Dried blood stains covered the floor of the ring, known as the canvas, serving as reminders of bouts that went beyond sparring. There was no Rocky-style soundtrack to underscore the punishing pain. The dingy walls, gray shades of age, echoed and amplified the sounds. It wasn’t music, but it held a certain charm to those immersed in the sport. The only color, besides the boxing trunks, was the purplish-red splotches on bruised bodies.

This place was the real deal.

The owner, Bob Grundy, who later became like an uncle to Brendan, was a character out of central casting for a tough guy movie. He was a Marine Raider in World War II, fighting in the extended operation on Guadalcanal, considered the turning point of the war in the Pacific. He came up the hard way, born and raised in a one-room, cold-water flat in the Darlington section of Pawtucket, Rhode Island.

He worked hard, opened his own construction company, and did well. He was a generous man who gave back to his community. He started his gym after the Notre Dame Boxing Club closed. Bob understood the gym was the only thing between jail and the streets for some young men.

 Bob charged no one for membership. The gym was free if you comported yourself like a gentleman. It was an exciting mix of characters, including ex-cons, pro fighters, cops, and con men.

If Grundy’s gym was the real deal, the authenticity came from Bob Grundy.

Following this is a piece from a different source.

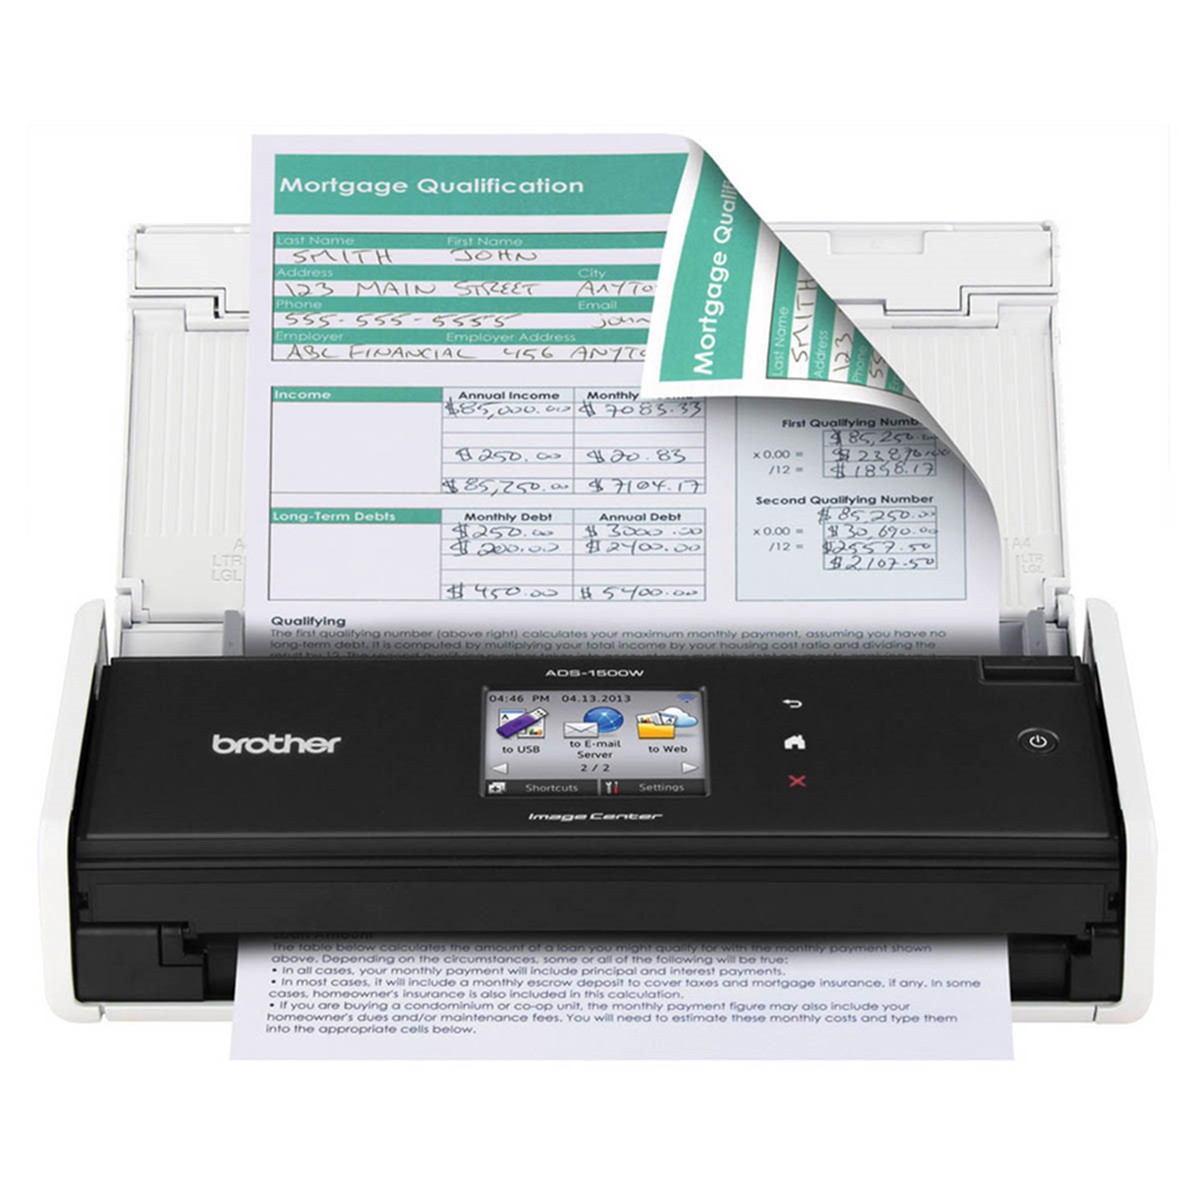 Scanner Brother imageCENTER ADS-1500W Conexão Wireless Até Tamanho A4 ADF para 20 Folhas com Duplex

Bob’s son, Peter, a football star at Bishop Feehan who later became one hell of a fighter, introduced Brendan to the place…

ORDER YOUR COPY TODAY https://amzn.to/2UjTkP8

BOOK SIGNINGS

October 11, 2019 6:00 p.m.
Barrington Books Retold
Garden City
Cranston, RI

October 17, 2019 5:00 p.m.
McTs Tavern
940 Mendon Rd.
Cumberland, RI

One thought on “Excerpt “It’s Just the Way It Was: Inside the War on the New England Mob and other stories”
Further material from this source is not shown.